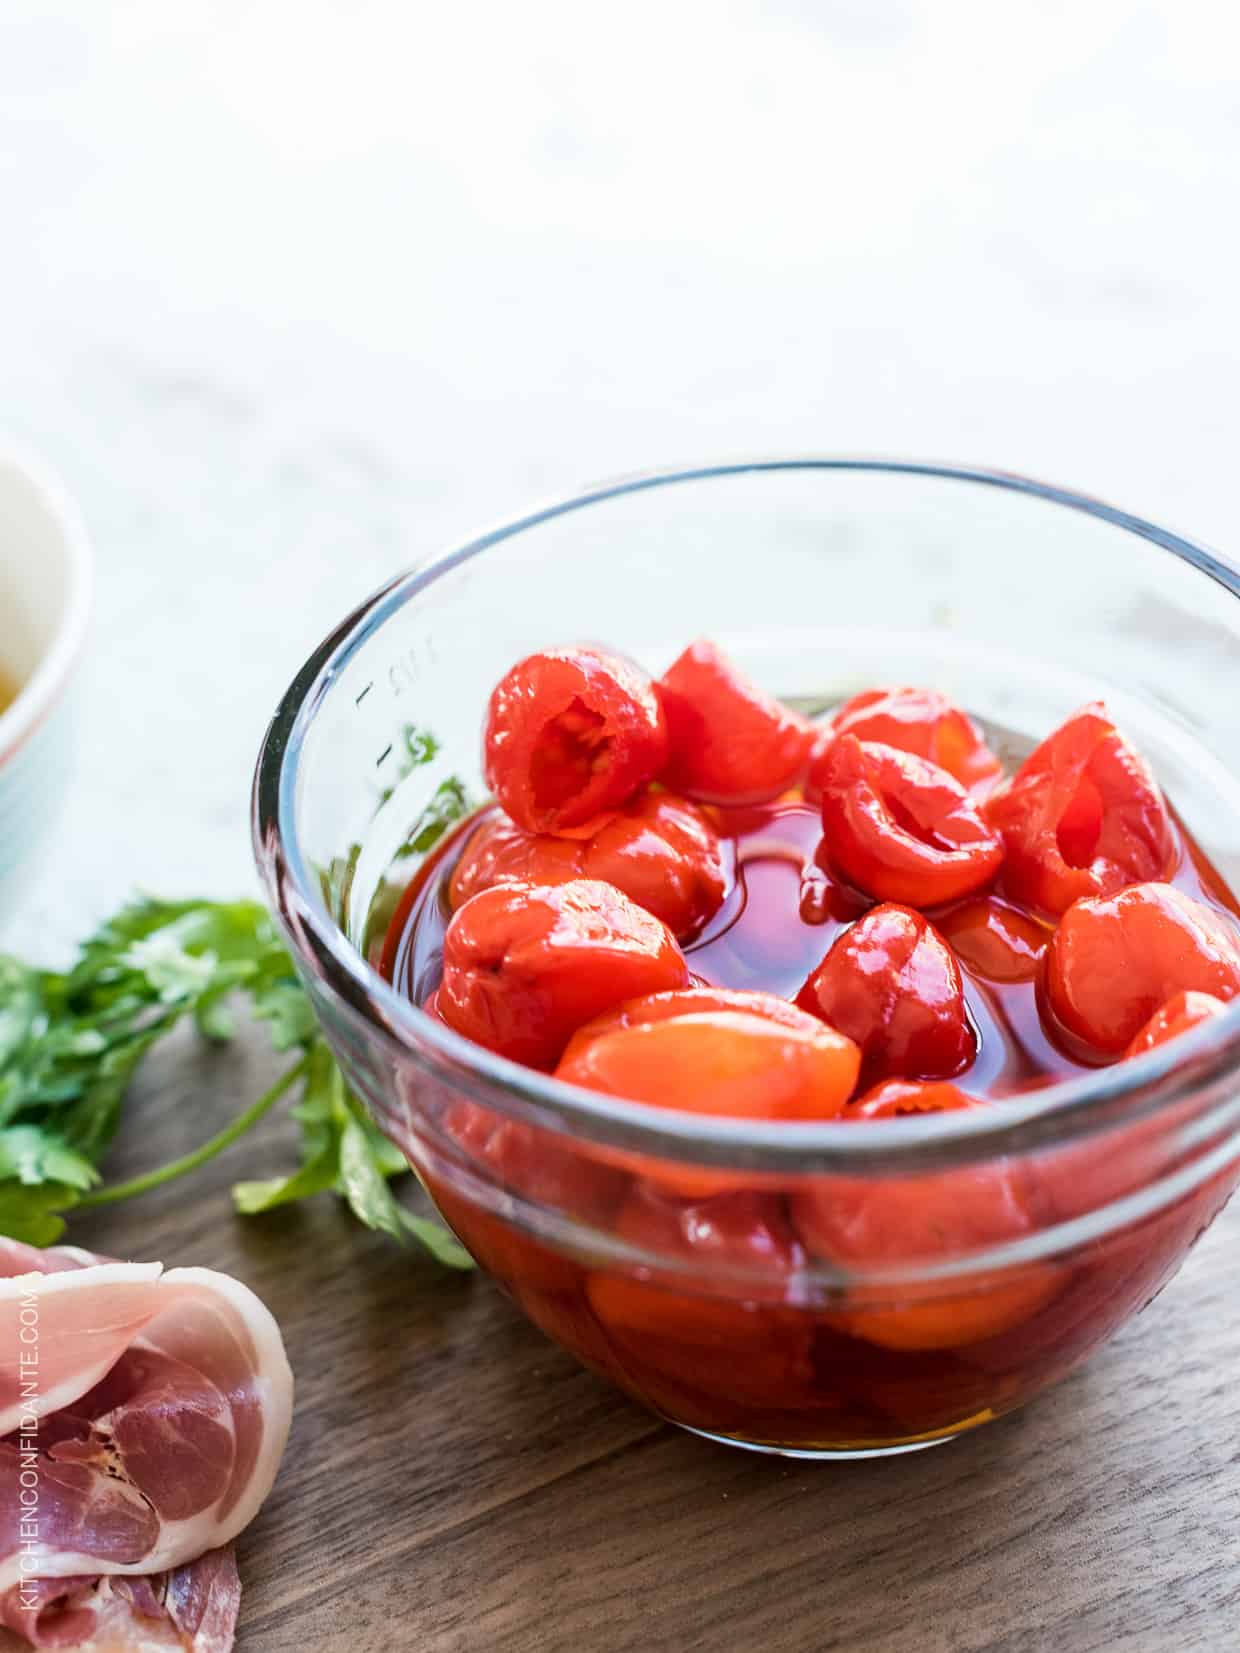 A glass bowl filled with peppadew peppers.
········
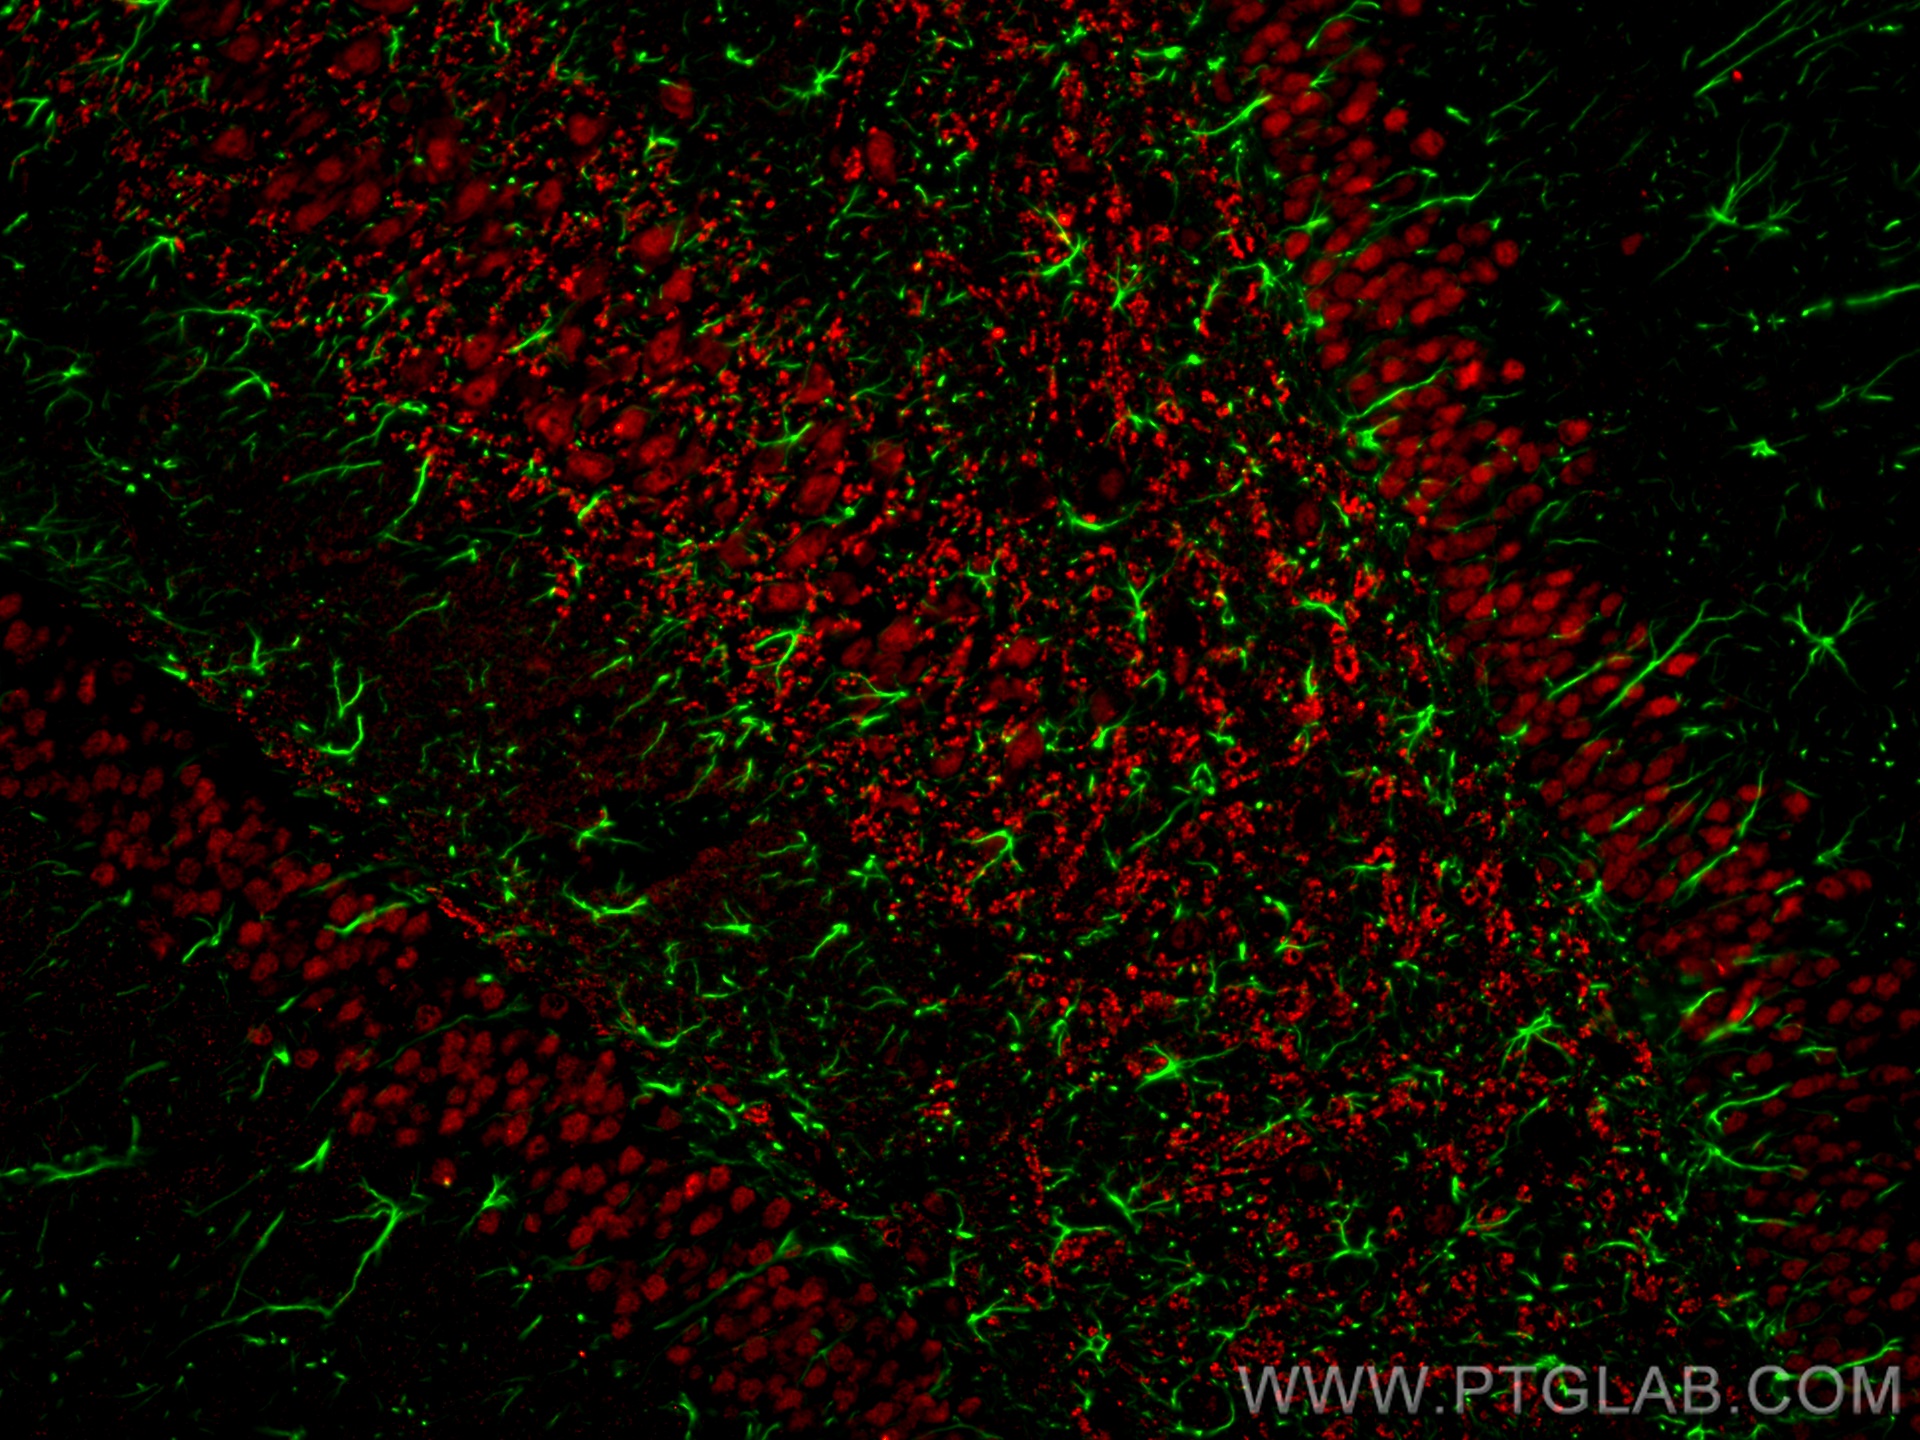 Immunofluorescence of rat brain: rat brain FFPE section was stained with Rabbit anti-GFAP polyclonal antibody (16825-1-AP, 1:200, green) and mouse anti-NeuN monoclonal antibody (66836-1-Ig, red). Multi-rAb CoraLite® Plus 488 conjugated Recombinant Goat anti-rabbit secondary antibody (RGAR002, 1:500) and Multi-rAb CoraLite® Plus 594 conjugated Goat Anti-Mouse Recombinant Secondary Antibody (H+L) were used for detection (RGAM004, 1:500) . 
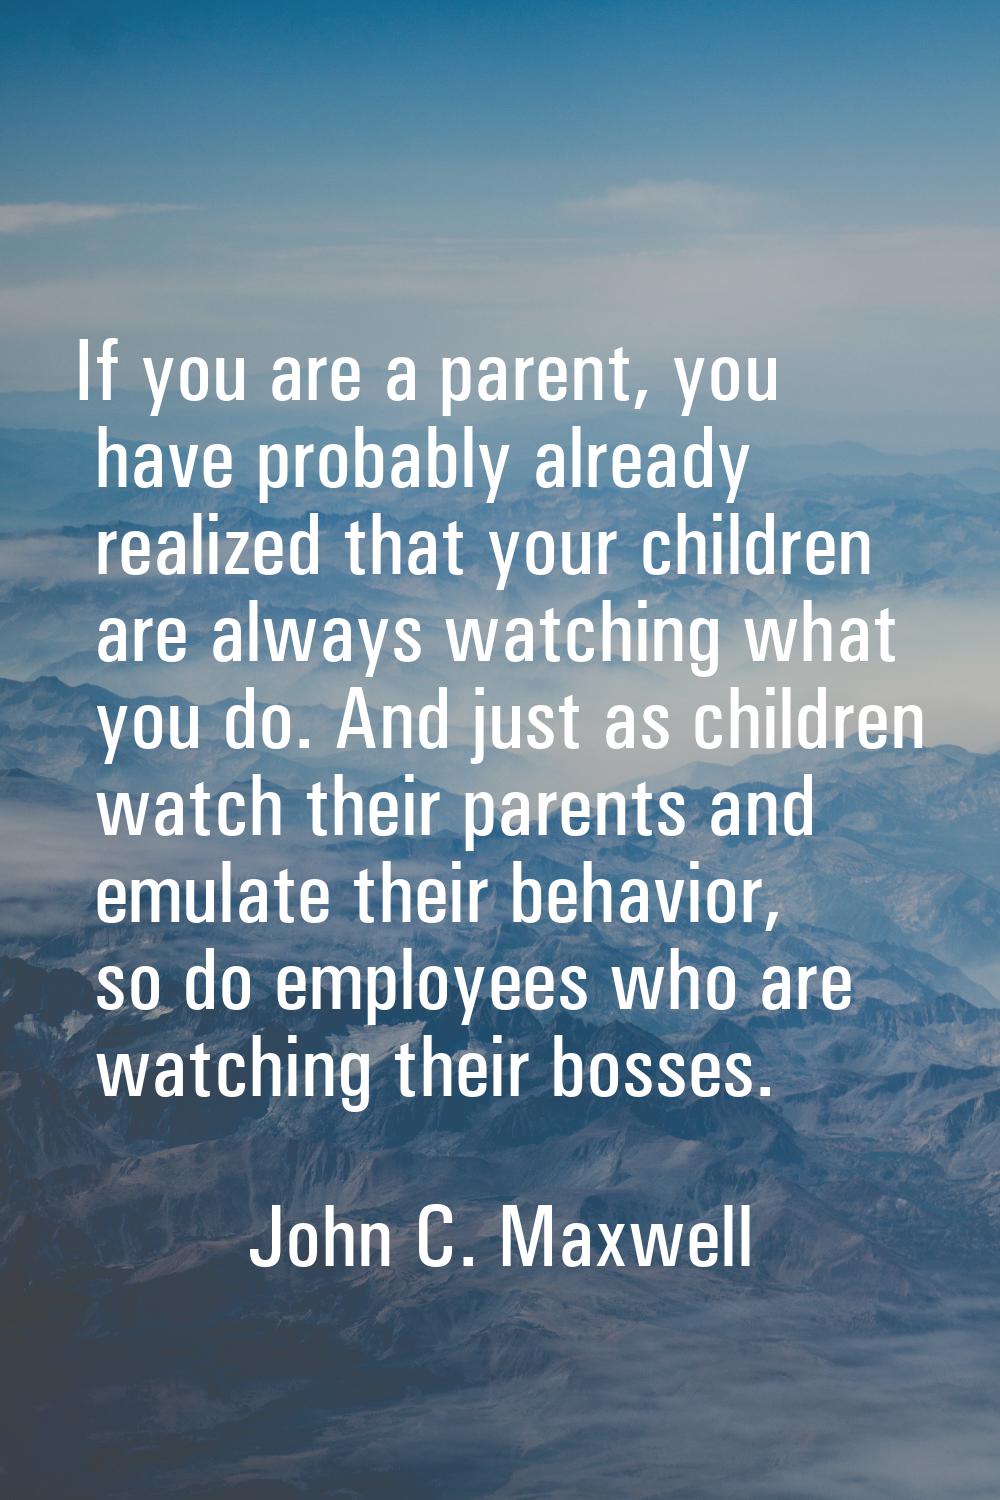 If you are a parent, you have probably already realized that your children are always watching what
········
In the records above, find the line with "Immunofluorescence of rat" and the line with "If you are a", then restate word for word only those two lines and all lines between, omitting pictures.

The completed task:
 Immunofluorescence of rat brain: rat brain FFPE section was stained with Rabbit anti-GFAP polyclonal antibody (16825-1-AP, 1:200, green) and mouse anti-NeuN monoclonal antibody (66836-1-Ig, red). Multi-rAb CoraLite® Plus 488 conjugated Recombinant Goat anti-rabbit secondary antibody (RGAR002, 1:500) and Multi-rAb CoraLite® Plus 594 conjugated Goat Anti-Mouse Recombinant Secondary Antibody (H+L) were used for detection (RGAM004, 1:500) . 
 If you are a parent, you have probably already realized that your children are always watching what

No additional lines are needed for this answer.